I think of this motion in a slightly science fiction way. God gives us blessing. What does a blessing look like? In it's most abstract I think of God's blessing as being a positive thought from God about us, but a thought doesn't film well for my science fiction version of it, so I think of a blessing as looking like a ball of light. That ball of light comes down from God into our world, into our lives, and it turns into something. It turns into grain brought forth from the land by God to feed God's people. It turns into fruit on the vine created by God to nourish us and delight us. It enters our bodies as we breathe in God's breath and turns into the hormones and neurotransmitters needed for us to feel emotions and love for each other. It turns into gold or other precious "things" that eventually become what we think of as money that we can share with those less fortunate. It turns into silicon and electrons that drive our modern communications and computing resources--the technology of our civilization. In all these ways and so many more, God provides for our needs and blesses us with all we need to not just live, but thrive. In my science fiction movie version of this, the special effects department makes many balls of light come down into our lives and turn into all sorts of matter.

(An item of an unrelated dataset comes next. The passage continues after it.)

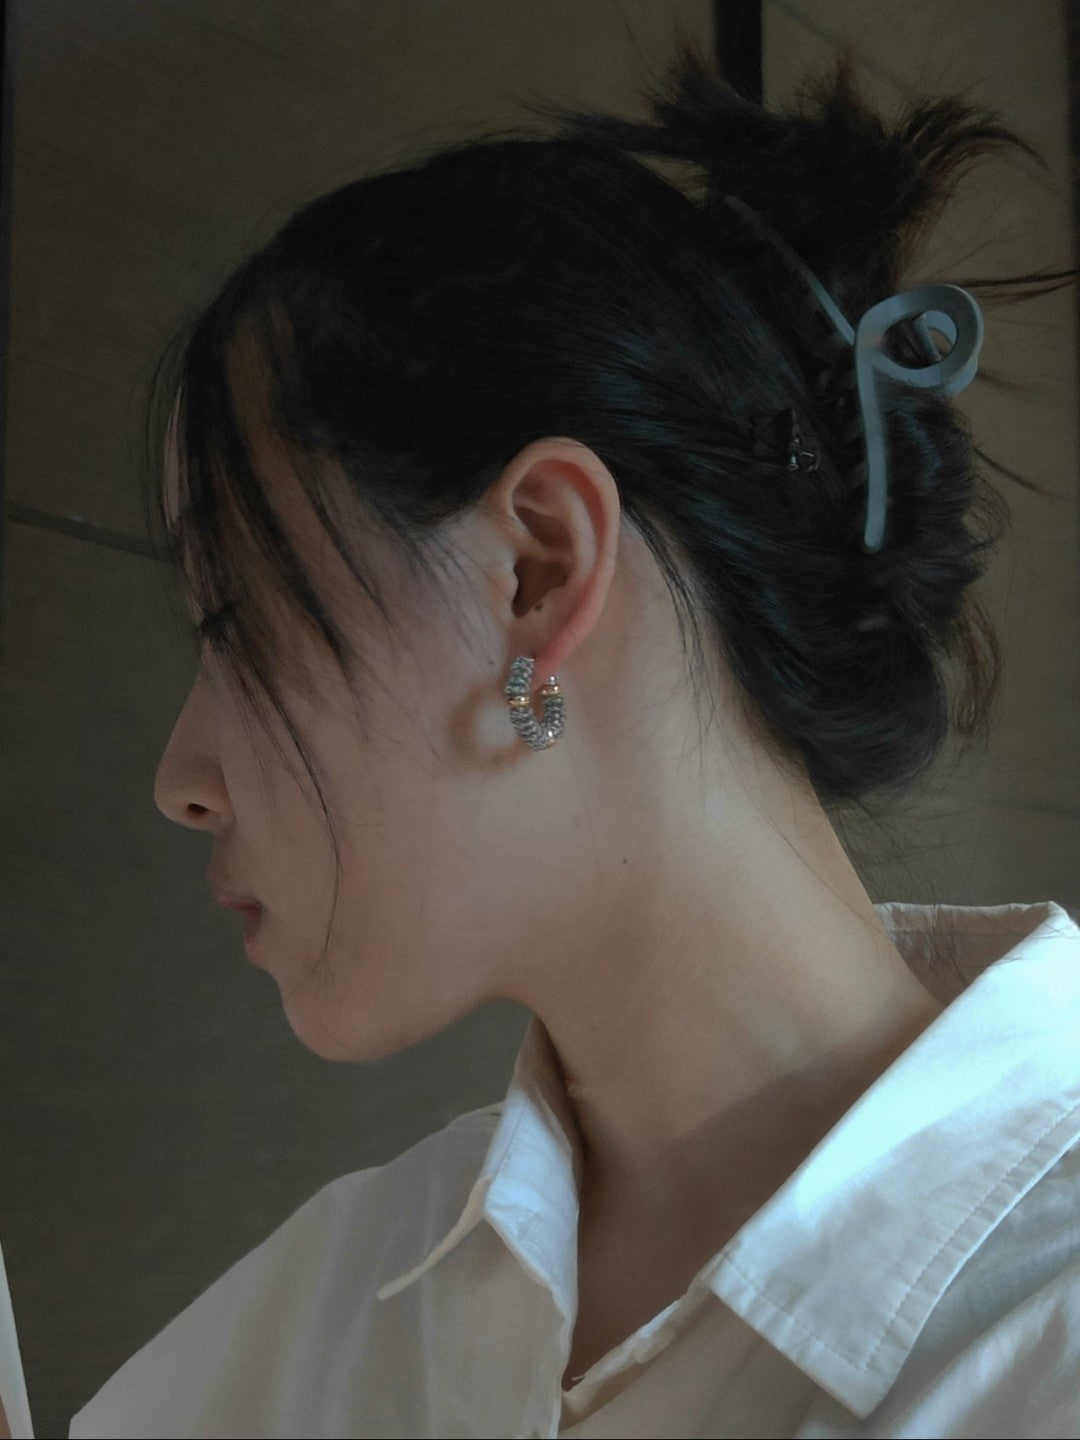 MIYUKI Seed Beaded Hoop Earrings

Then, in gratitude, we want to give back to God. We take inventory of our lives to figure out what comes from us that we can give back to God as God has given to us what comes from God. What we find is that there's nothing. All that we have and all that we are comes from God. God created us and gave us life and blessed us and all creation. God blessed whatever we might have inherited from our family before we were even born. God blessed school teachers before we ever learned the first thing. God blessed our society and culture with inventors and entrepreneurs before we ever got a job to earn any money. We make a big pile of stuff that we might give back to God and realize that all of it is from God to begin with.


Hebrews 13 says, "let us continually offer a sacrifice of praise to God, that is, the fruit of lips that confess his name. Do not neglect to do good and to share what you have, for such sacrifices are pleasing to God." This is a hint of how to solve our problem. What can we give back to God? Our praise and thanks. In the science fiction movie, all the things that blessings turned into change again into balls of light as a church choir sings and a congregation prays and a grateful person utters a prayer of thanks under their breath. These balls of light go up. We "return thanks" to God in response to all the blessings God sent to us.

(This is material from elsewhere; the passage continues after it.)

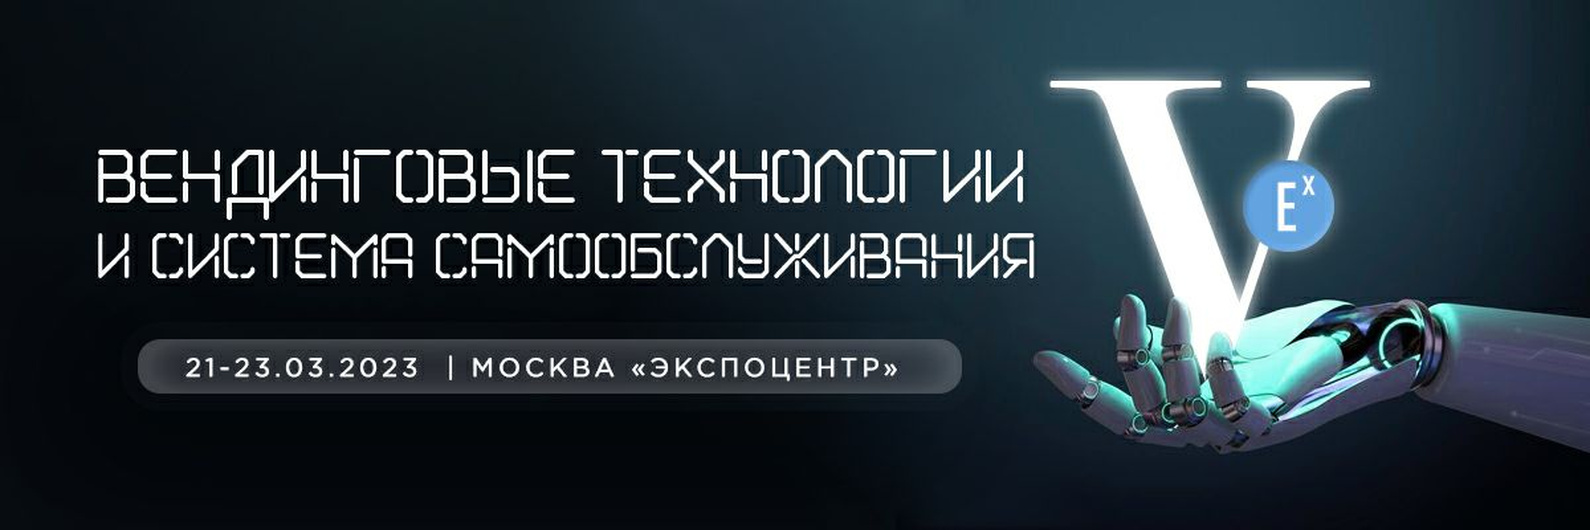 Выставка VendExpoWRS5 2023 21-23 марта в Москве

The same happens in the horizontal plane: we bless each other with gifts and love and care. We return to each other thanks for these blessings in our lives. I know all the staff and I are grateful for all you do in this congregation. We're grateful for colleagues in ministry with whom we work to accomplish God's purposes in the world. We're grateful for kindred souls with whom to worship God. We're grateful for the love we feel from and in this community. We're grateful for people who "do good and share what they have;" whether financial support or talents of all kind to use for God's work or care and love for each other.


On this thanksgiving, we're grateful for all you do and all you are. You have been instruments of God's blessing. "Such sacrifices are pleasing to God." For all these blessings from God shared among our community we return thanks.